Of course, eliminating those 3 Alchemly lists only leaves 3 Base: Enchanting Ways, Essence Imbedding and Ment/Cham Imbedding. The last two are basically the same so in the end you are left with 2 basic lists to handle RM magic item creation. Let’s put that aside for now (I’ll discuss in another blog re: BASiL Investiture Spells).

So now that we recognize that Crafting is used to work materials, magic and non-magic, how does that tie into imbedding magic? We decided to unify imbedding, crafting & item breakage into 1 mechanic: Item Strength.

Here is the basic chart I posted on the Forums last year. We’ve done some improvements and changes to it since.

SW & RM Material Strength

Meta-physically, this directly ties together a material’s physical strength (fragility), susceptibility (resistance) and its magical capacity (# of spell levels). So, a glass object is fragile, unsuitable for magical imbedding and resistance to holding lots of spells. This means that for someone wanted to enchant/imbedding glass will either need to use a very low-level spell or be a powerful spell caster that can overcome the materials limitations. Conversely, strong items (like Laen) are both easy to Imbed and can hold lots of spell levels, but are difficult to craft.

This also simplified item crafting—the Item Strength number can be used either as an Item Level or a SM maneuver penalty depending on our own resolution process. For example, a crafter wants to make a sword of High Steel (Str 50). The crafting skill check roll would be made using a -50 (Sheer Folly), the sword could conceivably hold up to 50 lvl of spells and if an Enchanter wants to imbed a spell or power the item would save as 50th lvl to accept the spell. (Note that this is a bit counterintuitive–the material making the save would ACCEPT the imbed).
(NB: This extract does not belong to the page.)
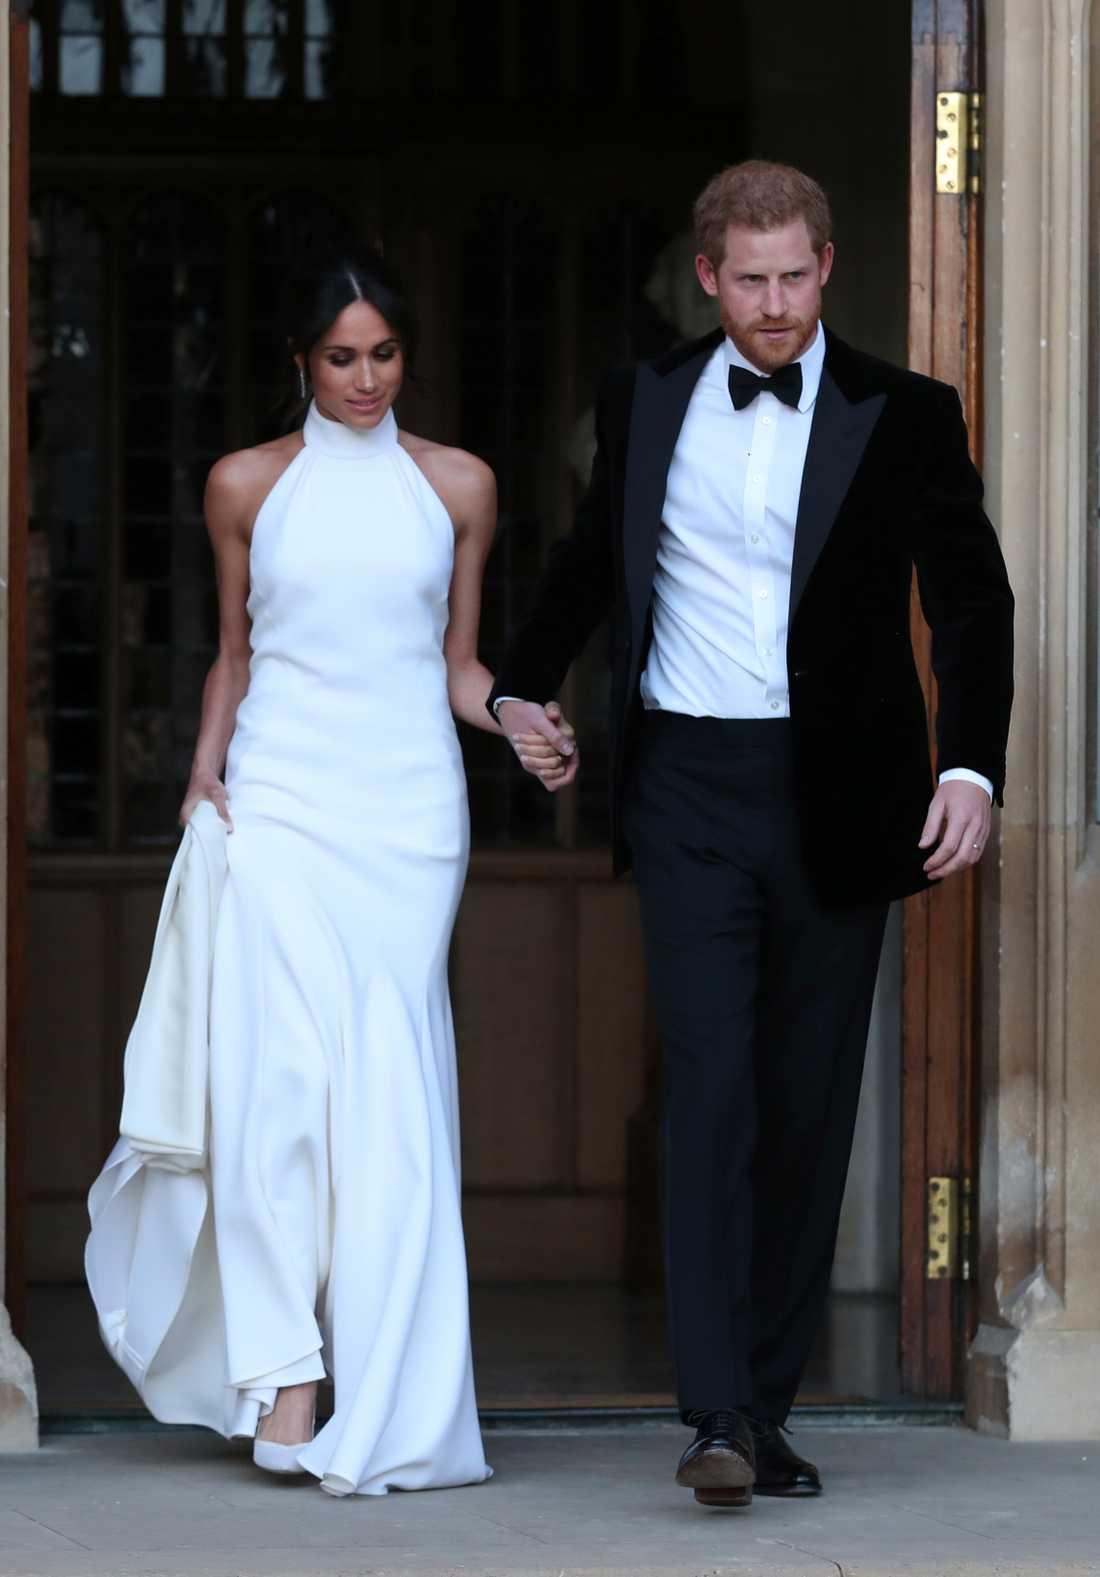 Under kvällen bytte prinsparet outfit till en lite mer ledig klädsel.
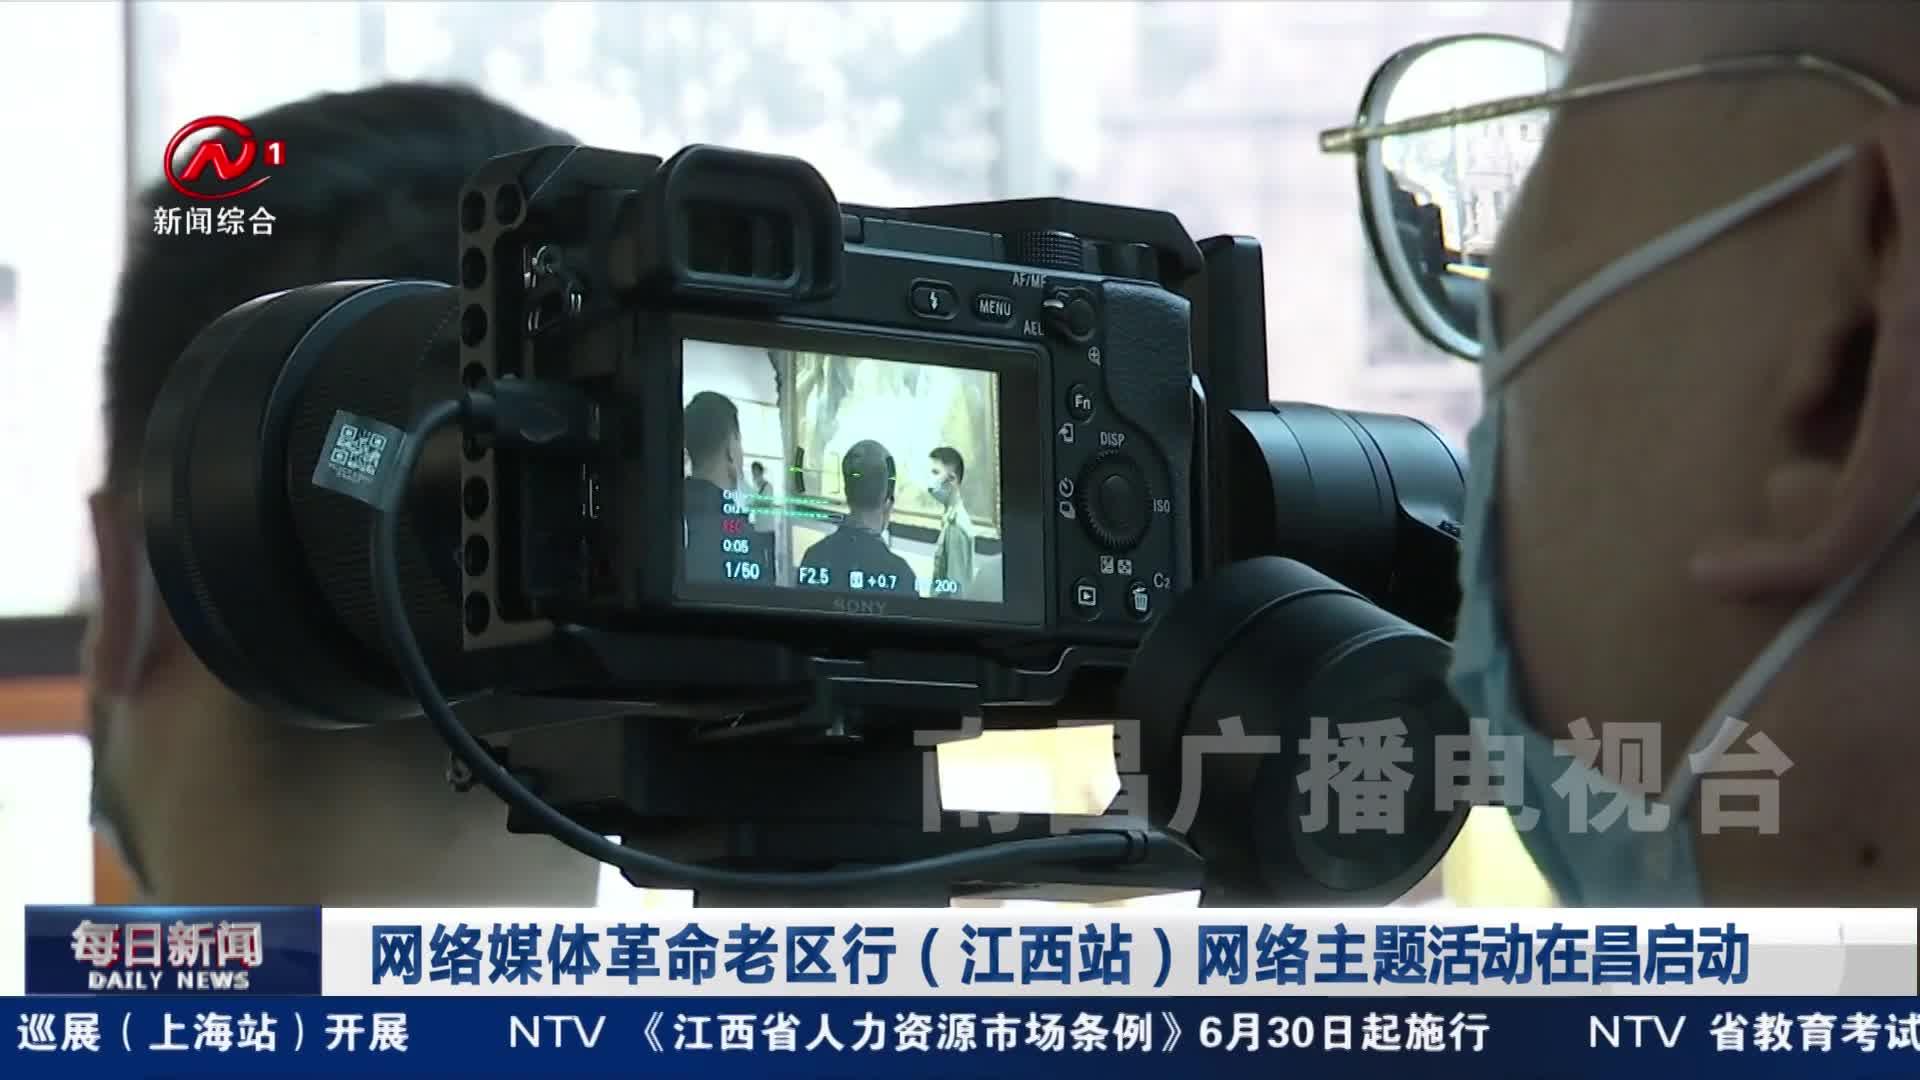 网络媒体革命老区行(江西站)网络主题活动在昌启动

Occasionally there is an outlier (a strong material that is also magic resistant like Kregora, or a fragile material that holds magic well)—but it’s easy to track a few outliers than come up with a more complex system.
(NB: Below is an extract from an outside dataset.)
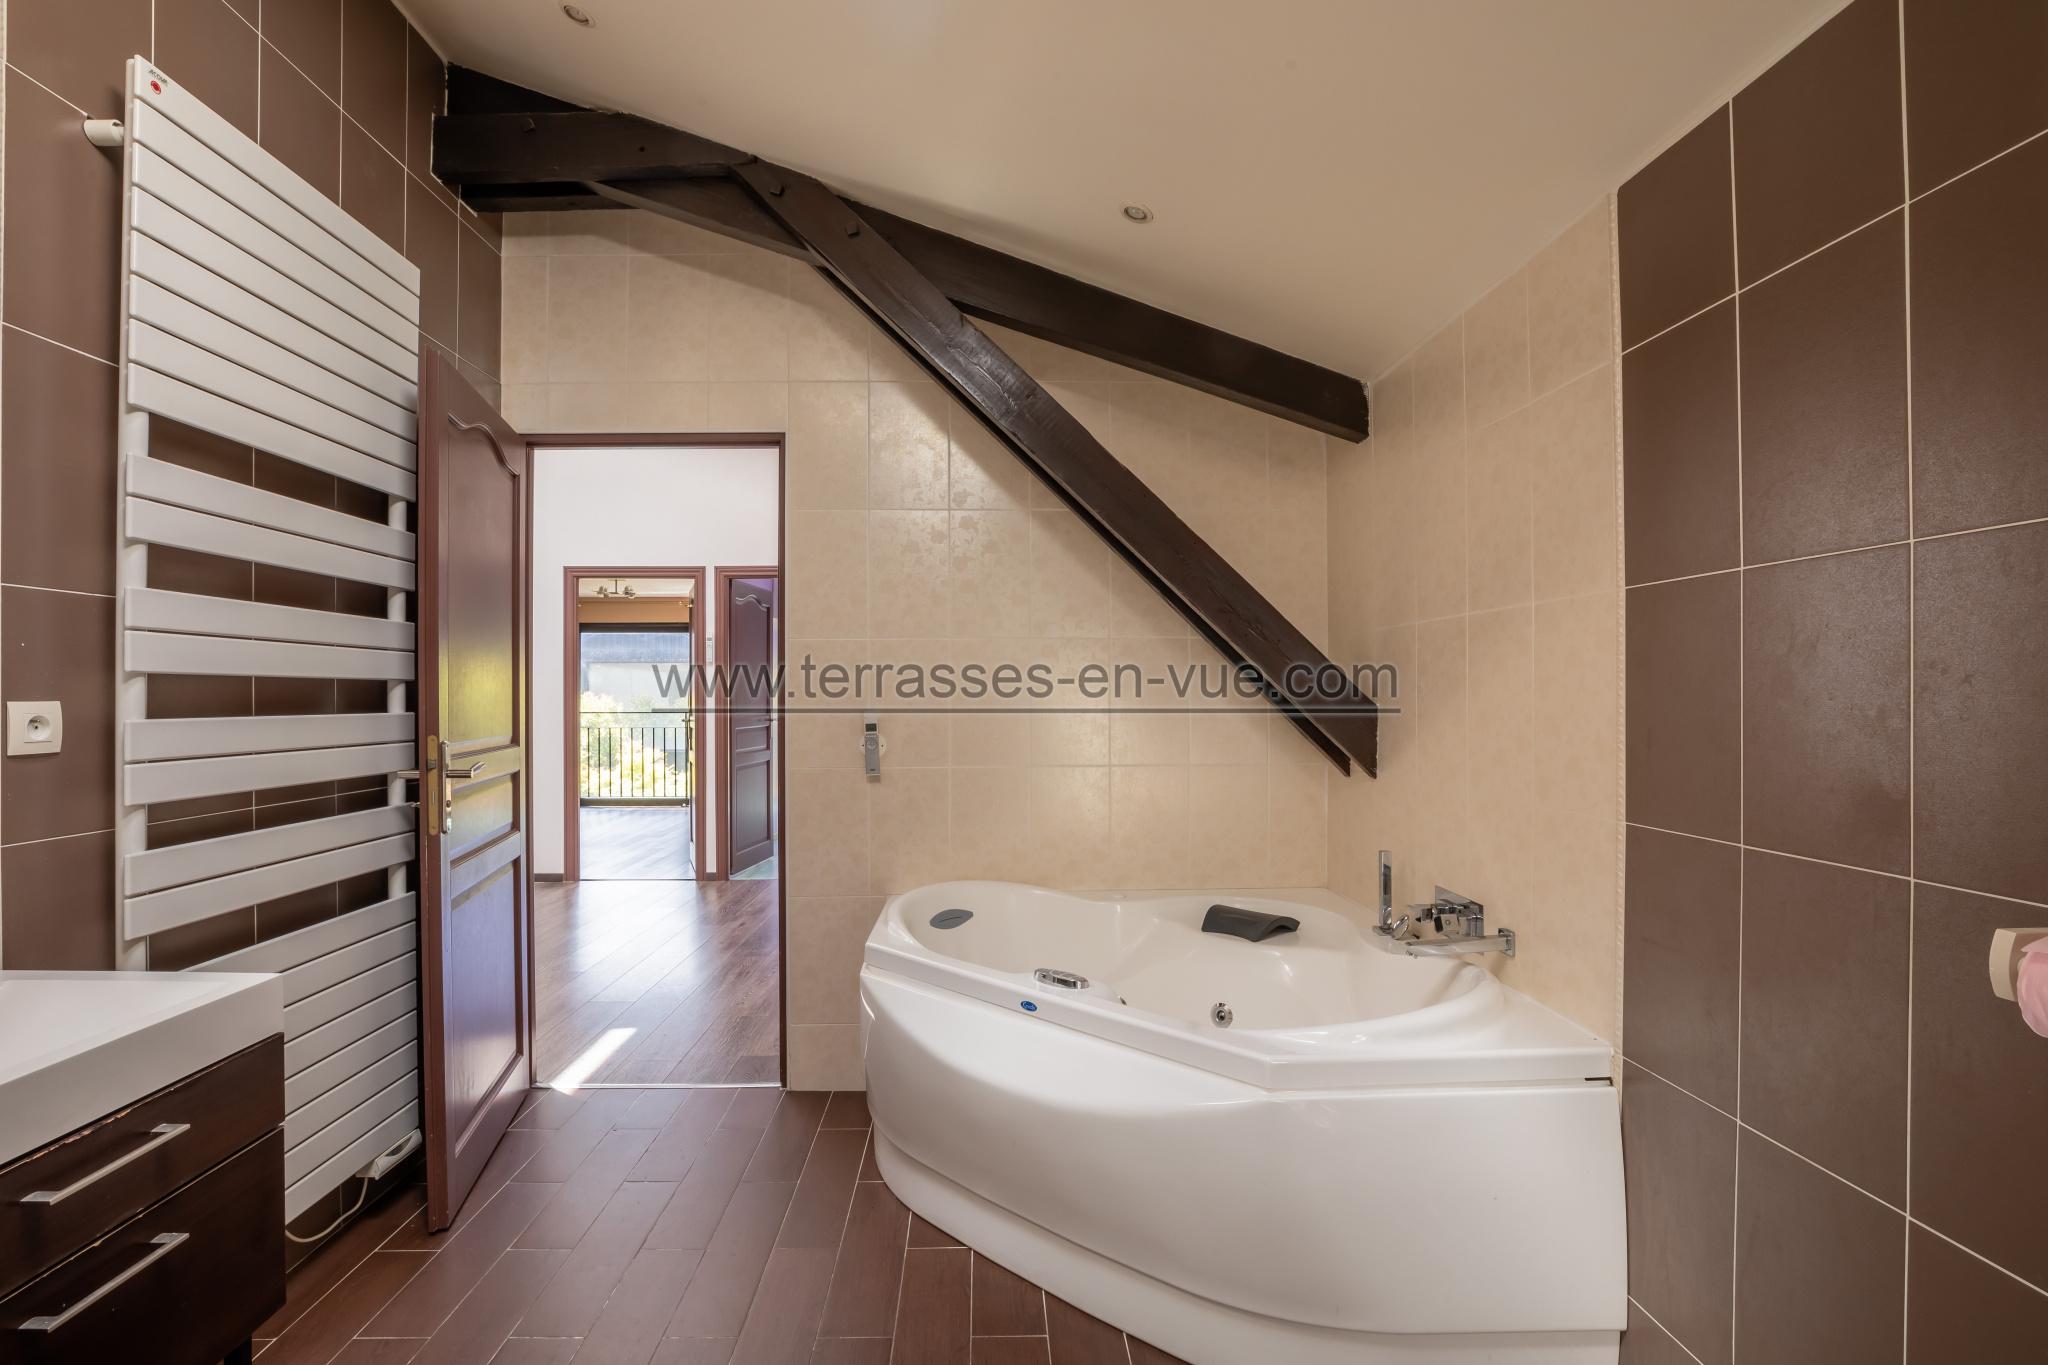 Maison À vendre - Colombes / 92700

These guidelines also mean that potent magic items are going to be made with strong, high quality materials while those made with lesser materials will be weaker, used 1 time or disposable (potions, charms, wards, candles, powders, oil, ointments etc).

Hmm…I’m not sure this turned out to be a “Short Take”! A couple notes:

  1. I think Alchemy Companion and Construct Companion are fantastic books—but for us just too granular and complex.
  2. We’ve expanded our own Alchemy Rules (see HERE) which is different than standard RM Alchemists, so we call making magic items “Enchanting” to differentiate the two.
  3. When Imbedding fails the item makes a breakage check modified by the spell lvl.
  4. We have “Simple Imbedding” spell lists that allow players to make imbedded, 1 time items on the fly. Simplified rules like these make it easy to do “in game”.


8 Replies to “Short takes: Imbedding Magic in Rolemaster & Shadow World”

  1. I am all in favour democratizing item creation. I am still battling with what I really want my spell law to look like.

    Right now I have two magical mechanisms, that essentially means essence and mentalism or using one’s own essence or that of the world around you.

    The existing alchemists base lists can be taken as base lists by any spell user.

    The idea I have bubbling under the surface is something along the idea that characters don’t learn lists, they build lists or walk paths. In practice the player has a concept for their character and they then they create a named spell list of their own and populate it with spells. Each slot can contain a spell of that level or lower from any list as long as the list remain coherent to the original theme. The player does not need to define all 50 spells before play starts just the first few. They can then continue to develop their list as time goes on. So if you wanted to have a mage with a passion for light then rather than taking light law the could have bits of light law, bits of brilliance and bits of the light illusions lists. Another character could have a mix of weather controlling spells and have lightning bolt in there as well.

    Shifting a lot of the alchemists spells into crafts works for me and merging the embedding lists into one also fits.

    I think I can much of this.

    1. Peter, I’m sure that method of selecting spell lists and developing character reminds me of something. I’m not sure what, but I think I’ve come across something similar.

      1. It reminds me of AD&D with a general pool of spells at each level from which to pick.

        I like to put more emphasis on the visible effects of magic so not all shockbolts look the same.

        1. I wonder if I’m actually think of the Elder Scrolls games? Where I have what started off as a blademage but actually ended up as a conjuring backstabbing sniper.

          I do think spells benefit from different effects, and that’s something that any spelluser is highly likely to do or learn, should it be from a school.

          1. Anyone can learn to cook at school but great chefs are not taught, the evolve and develop their skills over time.

            That is my analogy.

          2. There was spellcrafting in some of the Elder Scrolls games, where you could make your own spells. Is that what you’re thinking of?

            1. I’m not sure. I have read so many different systems, that it is sometimes hard to remember where I came across things. Thinking about it, Elder Scrolls characters are pretty much “no profession” in nature – it all depends on what skills you improve, especially in Skyrim.

              1. That is true, your starting profession pretty much only sets your starting skills.

                My level-less system is very similar in that it is the skills and stats you are actually using or get training in that improve.